▶ _Extracted material_:
──────────────────────────────
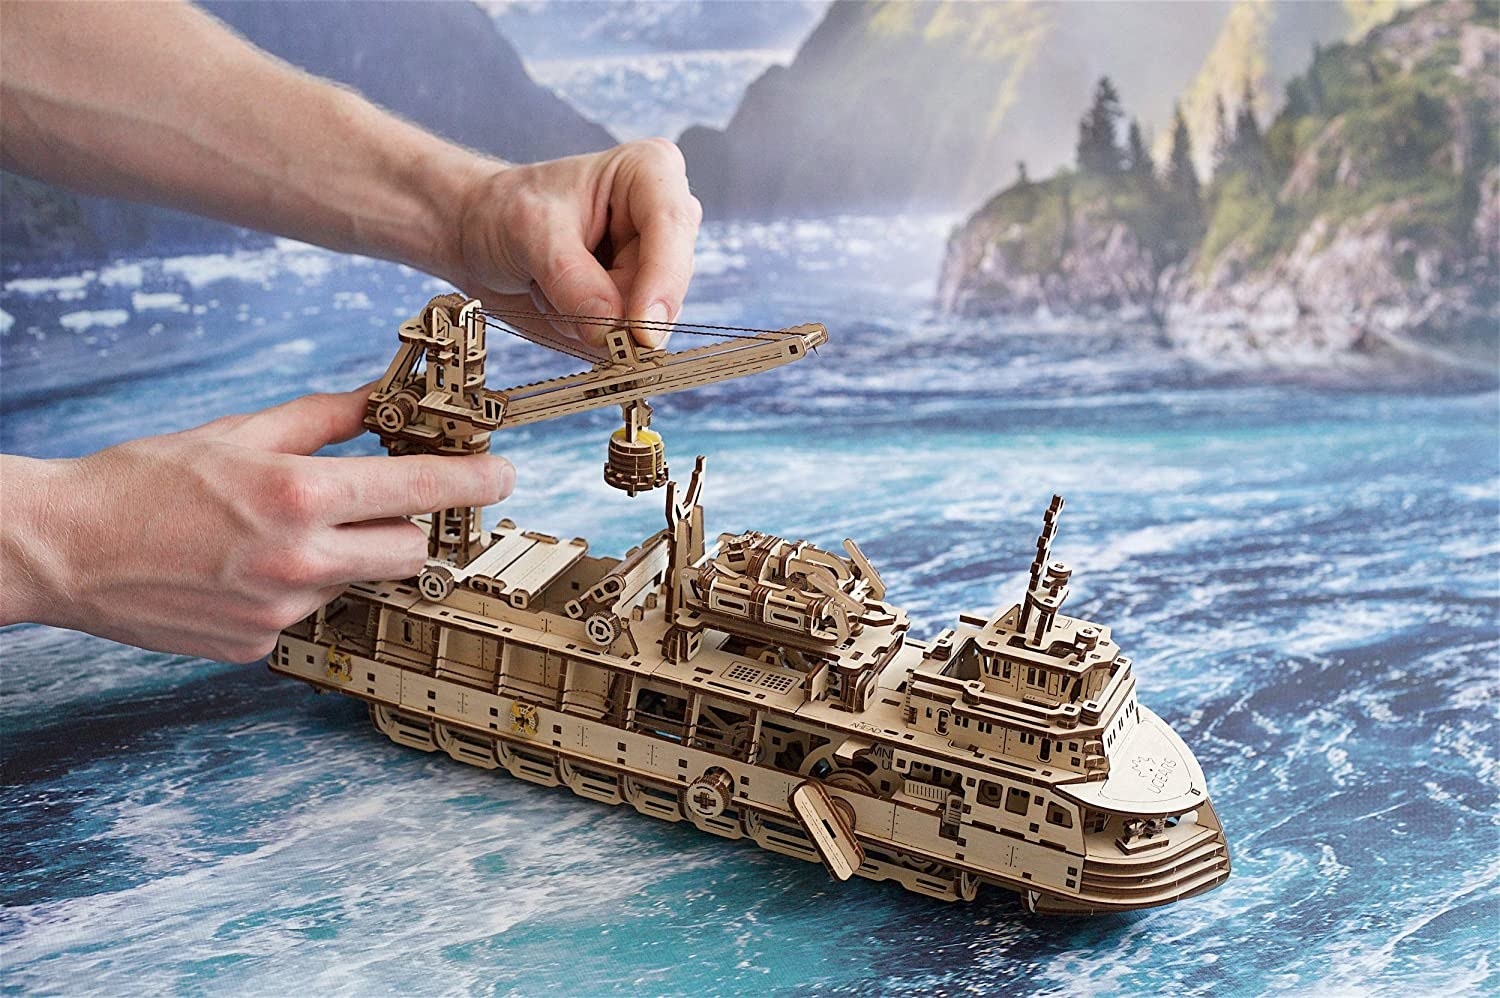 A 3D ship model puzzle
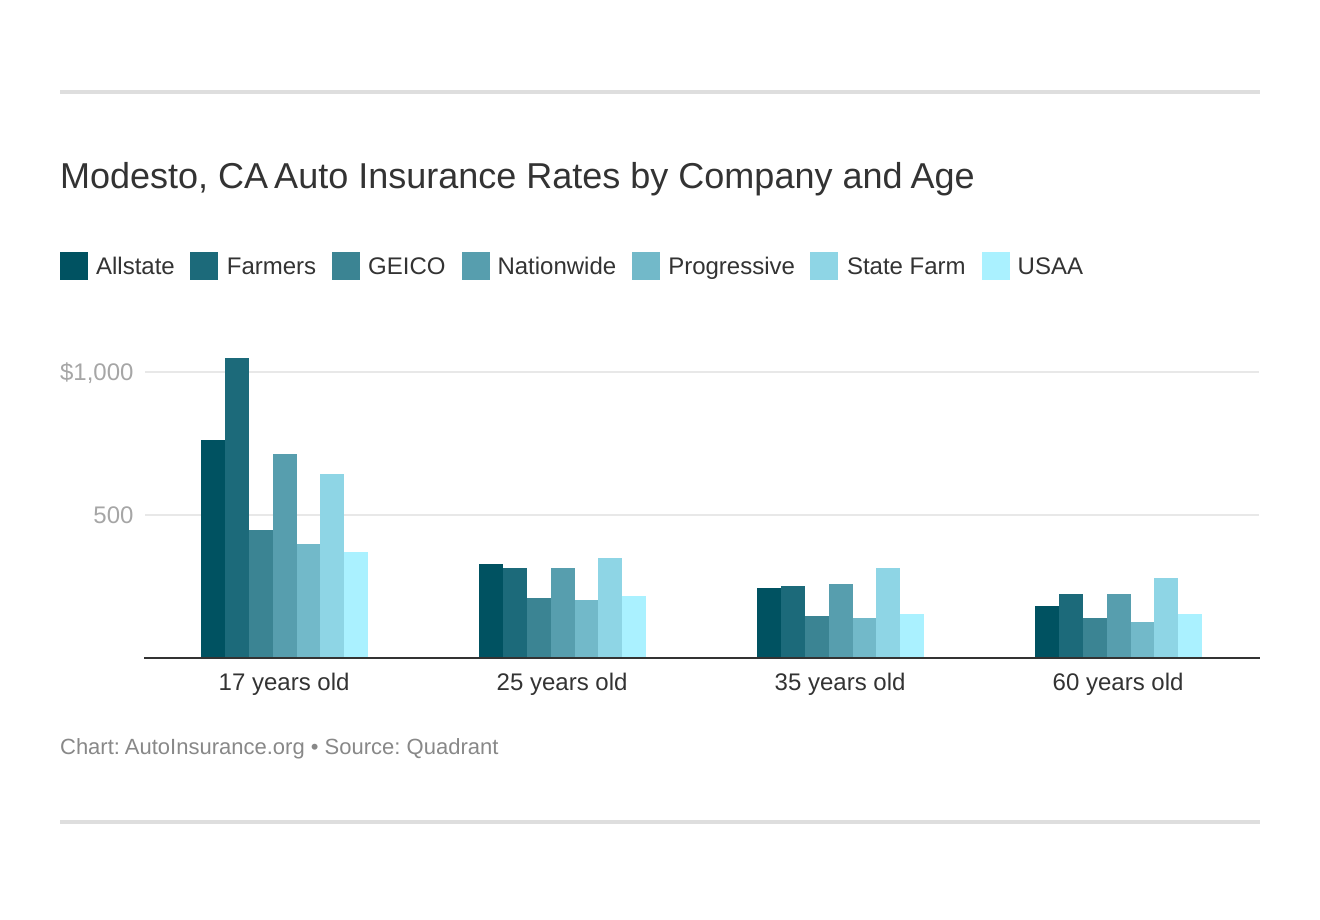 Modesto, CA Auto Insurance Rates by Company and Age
──────────────────────────────
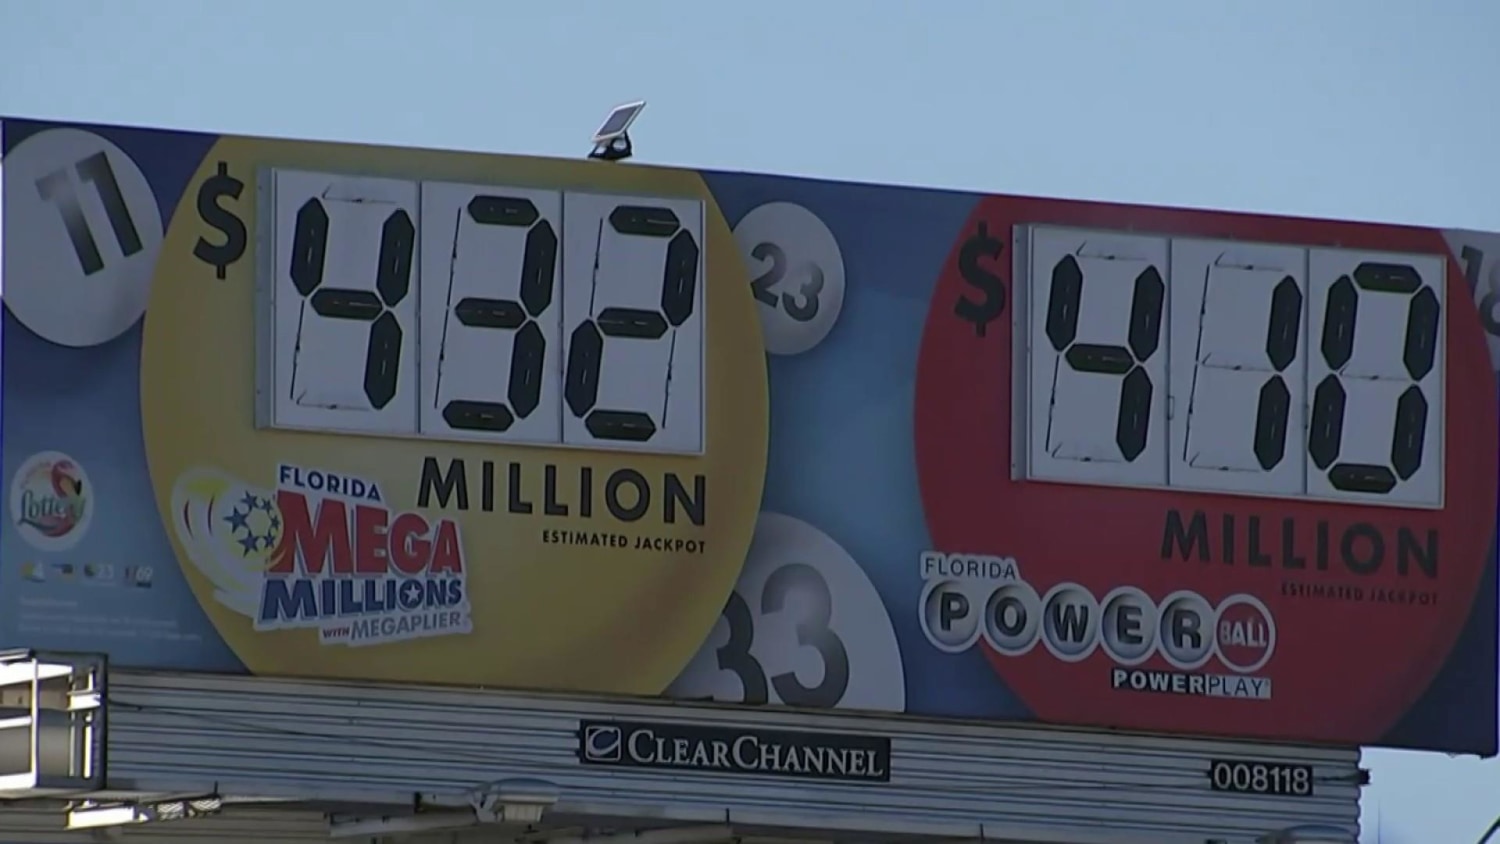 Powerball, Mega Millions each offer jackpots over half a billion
──────────────────────────────
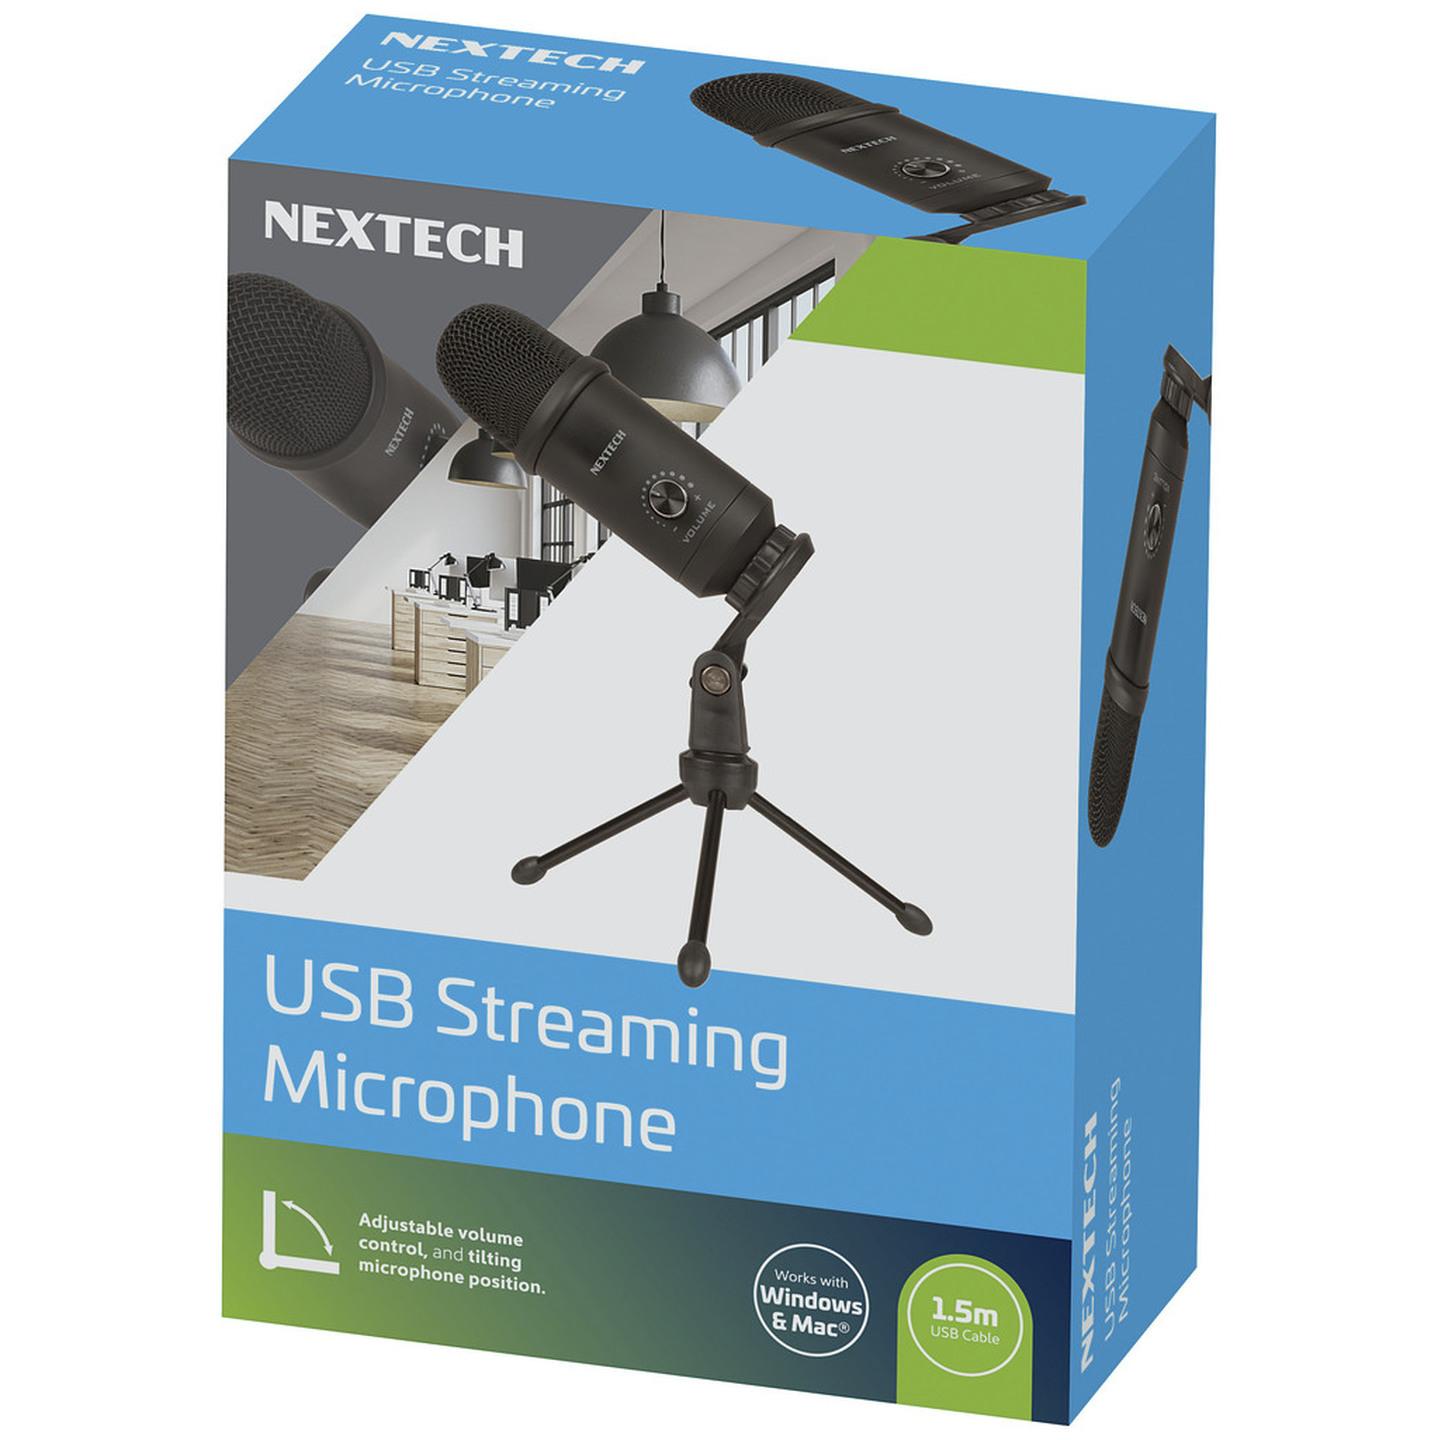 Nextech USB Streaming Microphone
──────────────────────────────
▶ _Your instructions_: Give back, exactly and without pictures, the stretch of the records above from the line containing "A 3D ship model puzzle" through the line containing "Modesto, CA Auto", with both end lines included.

▶ _Written response_:
 A 3D ship model puzzle
 Modesto, CA Auto Insurance Rates by Company and Age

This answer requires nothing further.